▶ Source material
────────────────────
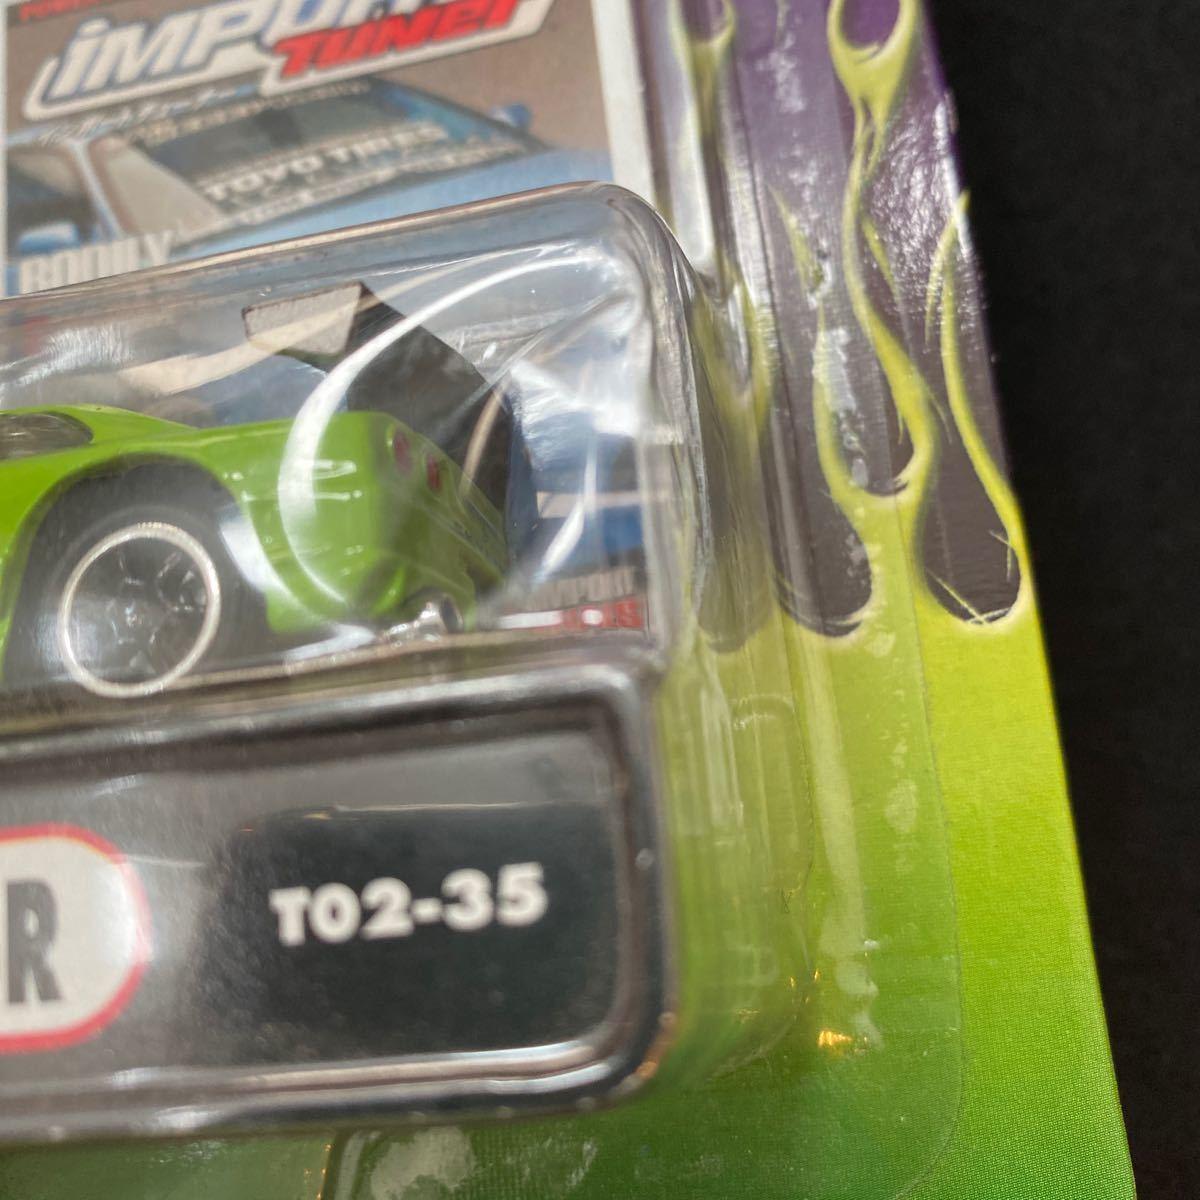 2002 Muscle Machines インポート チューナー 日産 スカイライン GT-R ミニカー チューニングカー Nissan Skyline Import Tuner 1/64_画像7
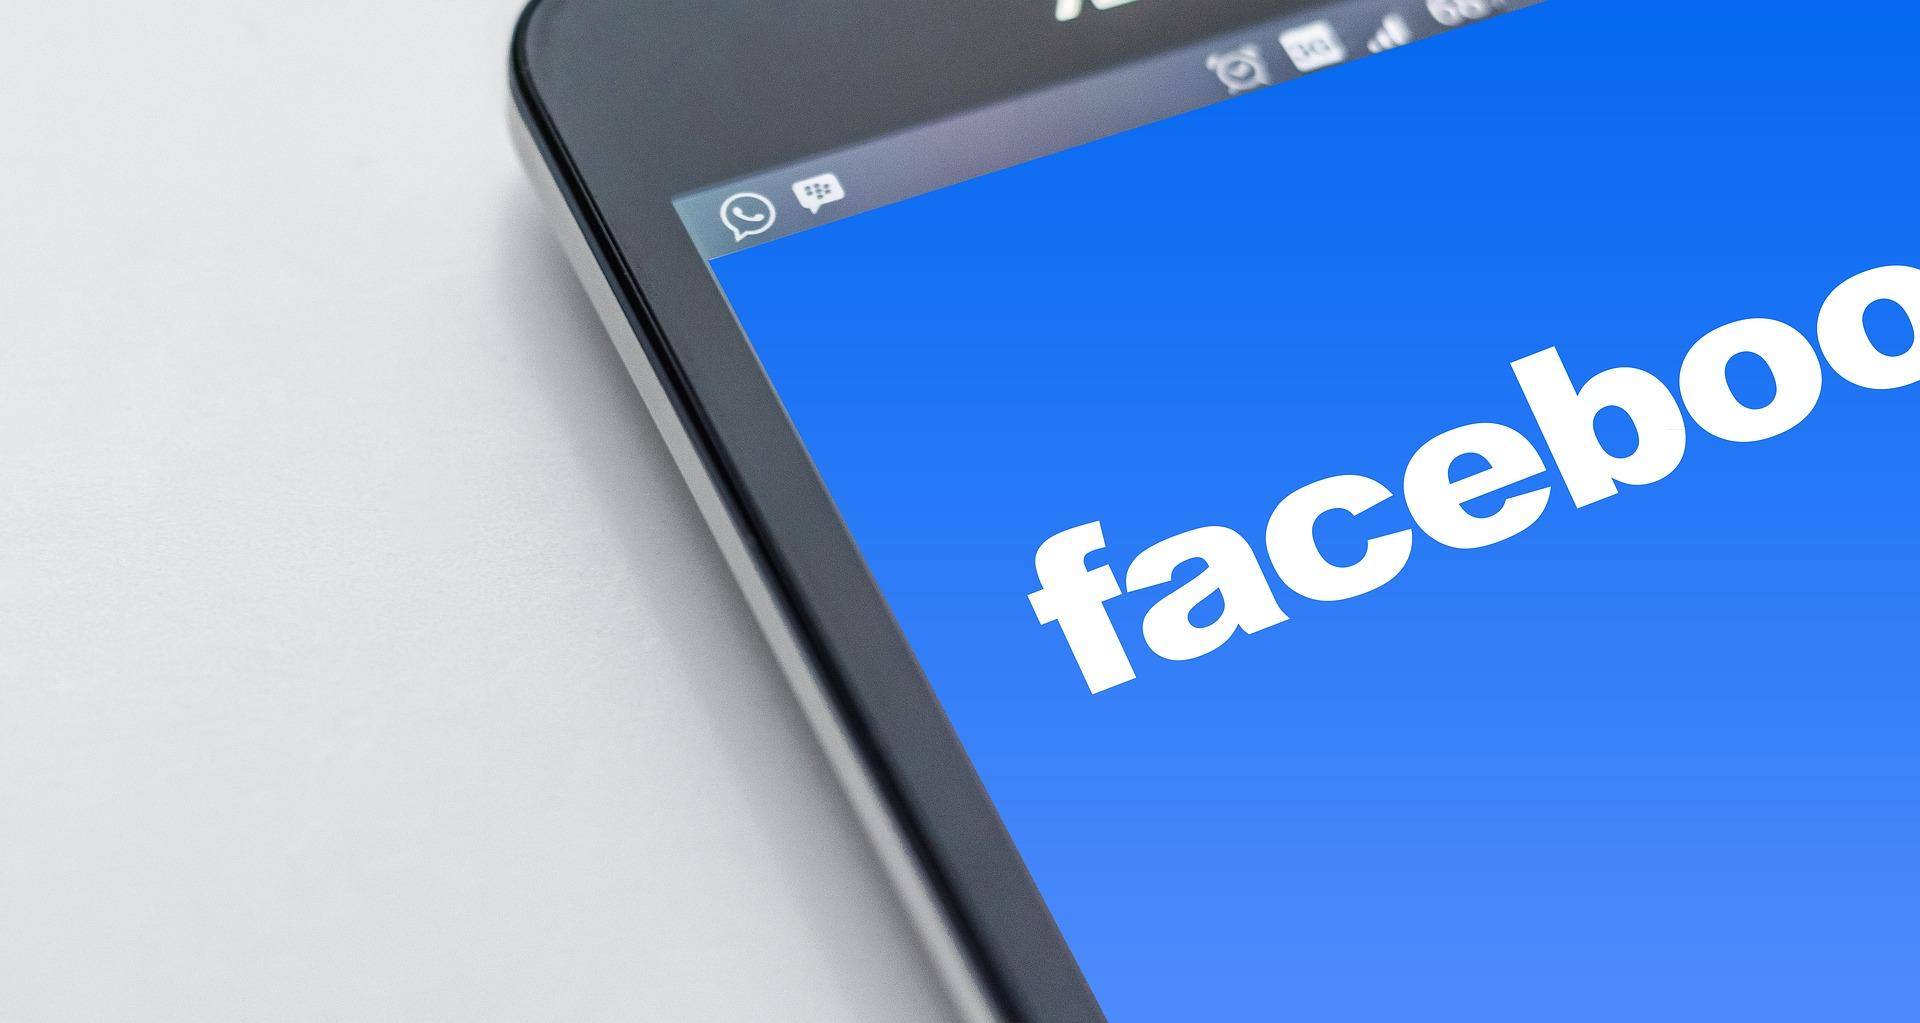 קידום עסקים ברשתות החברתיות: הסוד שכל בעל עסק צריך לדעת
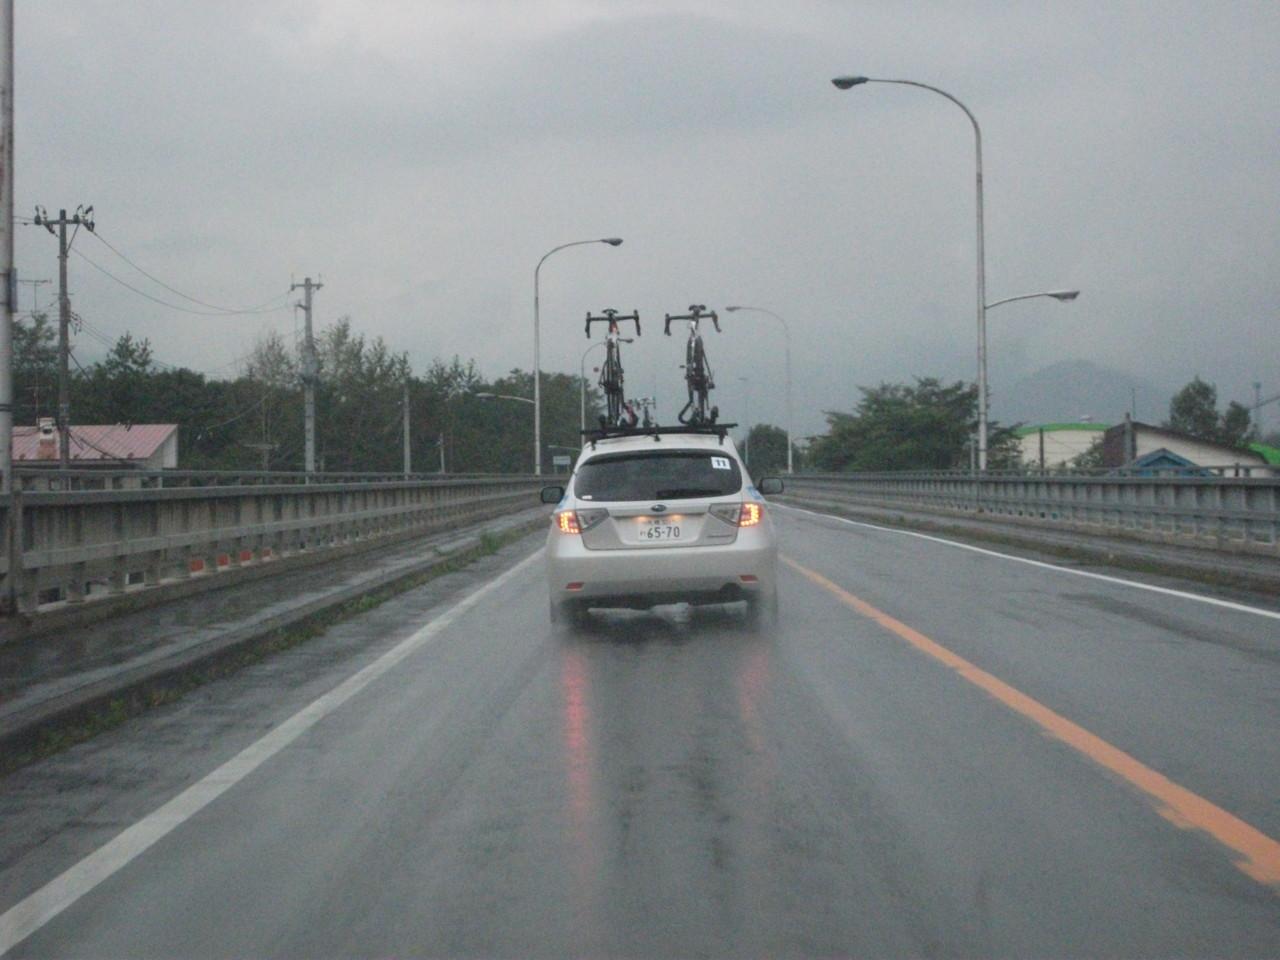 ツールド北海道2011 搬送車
────────────────────
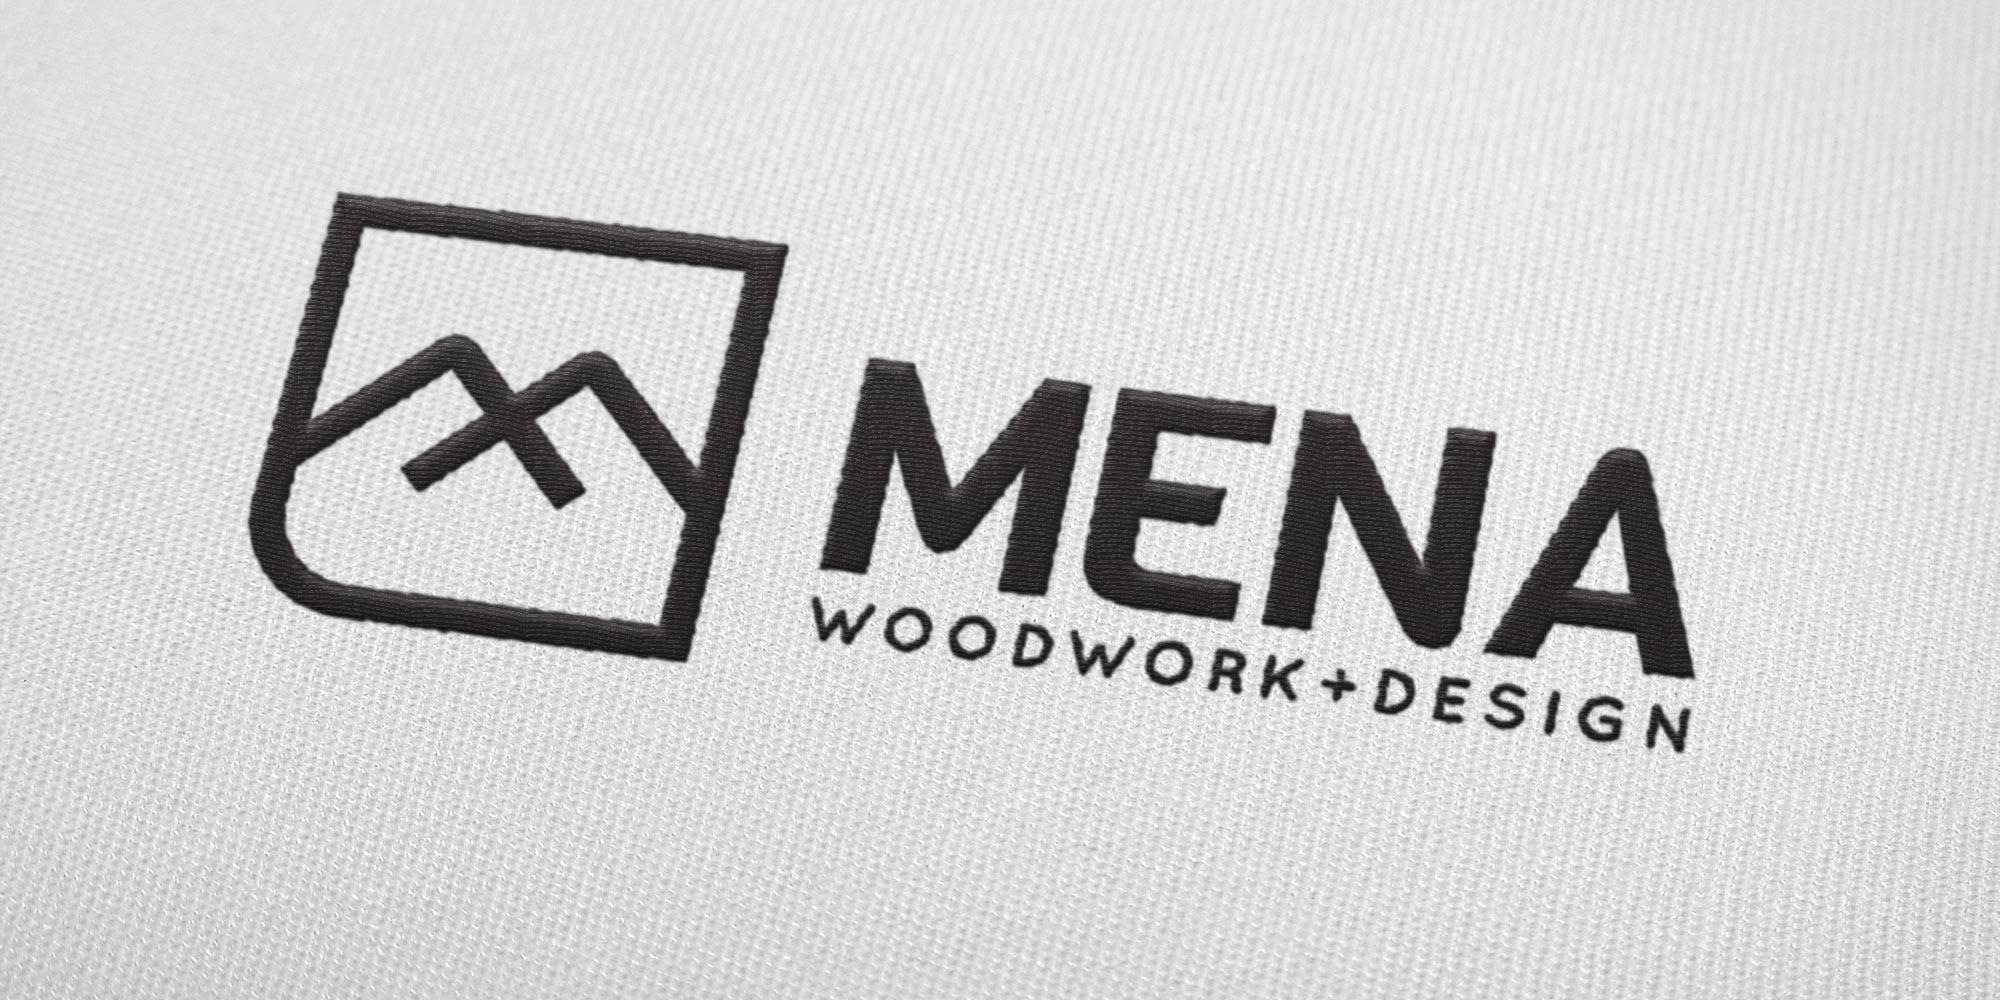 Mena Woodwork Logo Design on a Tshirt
────────────────────
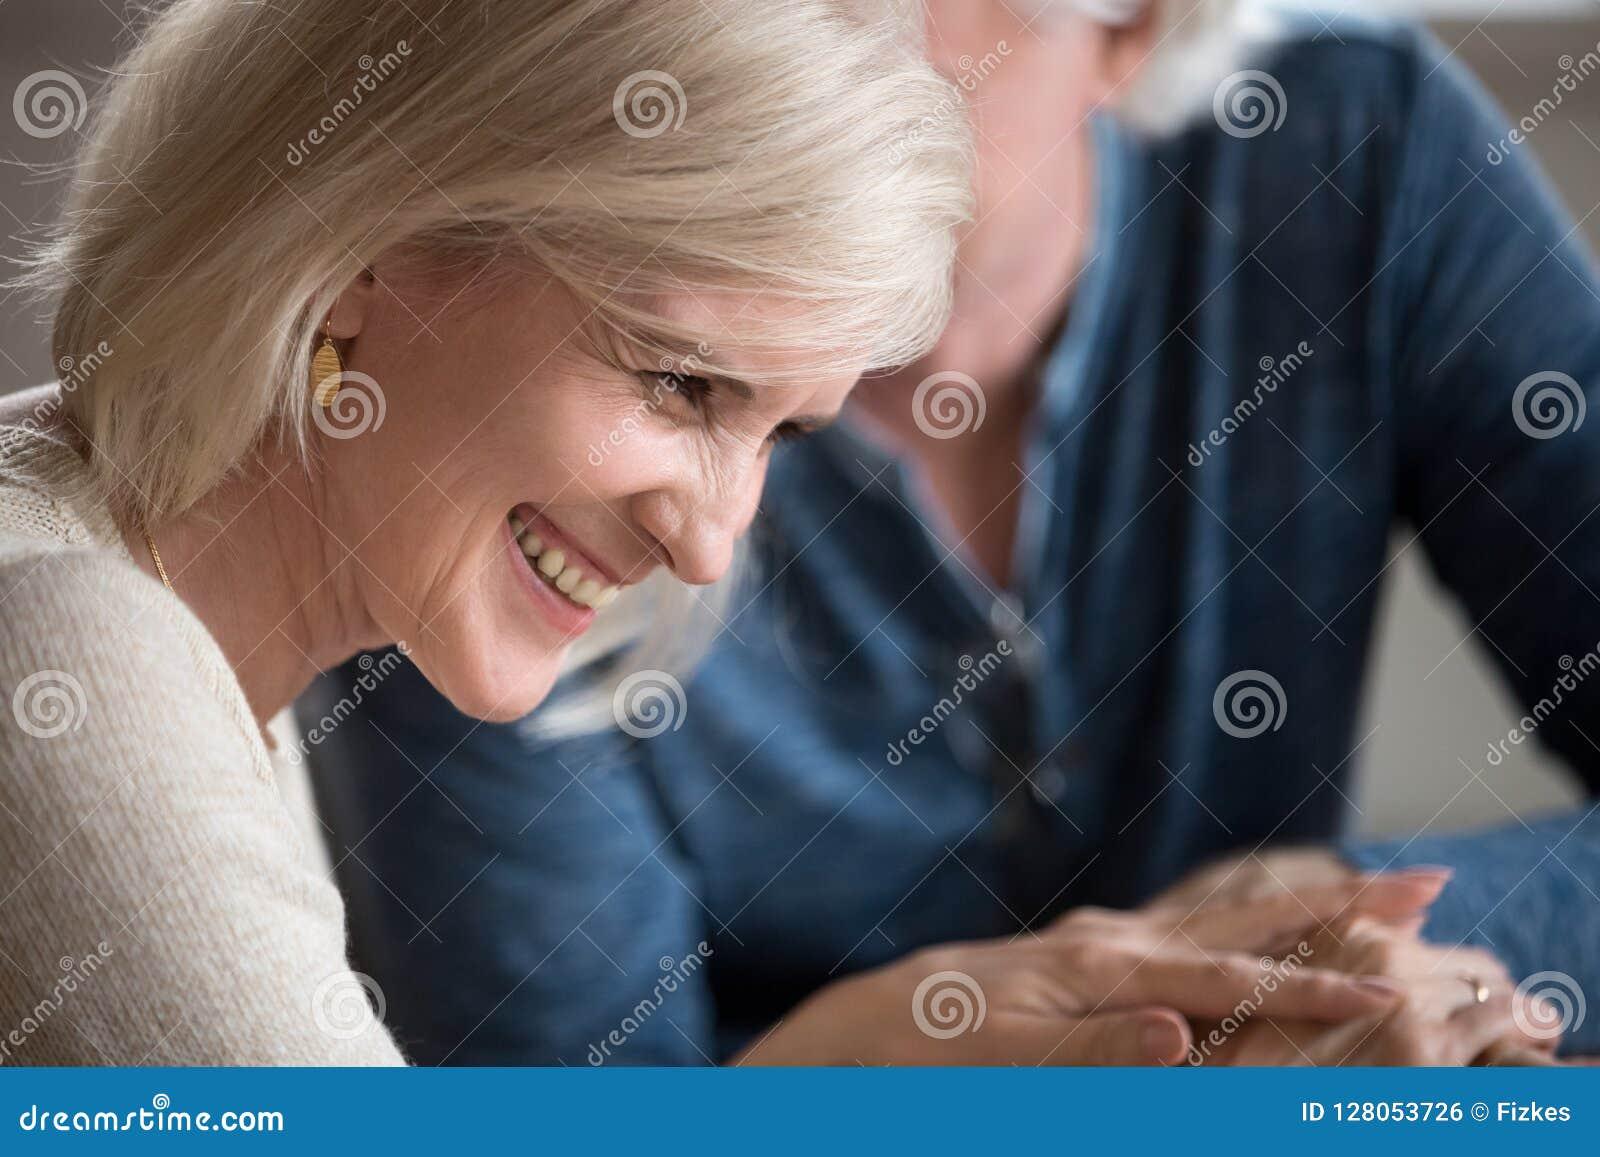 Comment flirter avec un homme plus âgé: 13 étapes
────────────────────
▶ What you should do
In the entries above, find the line containing "2002 Muscle Machines" and the line containing "ツールド北海道2011 搬送車", then copy both and every line between them exactly, without any picture.

▶ Solution for this exercise
 2002 Muscle Machines インポート チューナー 日産 スカイライン GT-R ミニカー チューニングカー Nissan Skyline Import Tuner 1/64_画像7
 קידום עסקים ברשתות החברתיות: הסוד שכל בעל עסק צריך לדעת
 ツールド北海道2011 搬送車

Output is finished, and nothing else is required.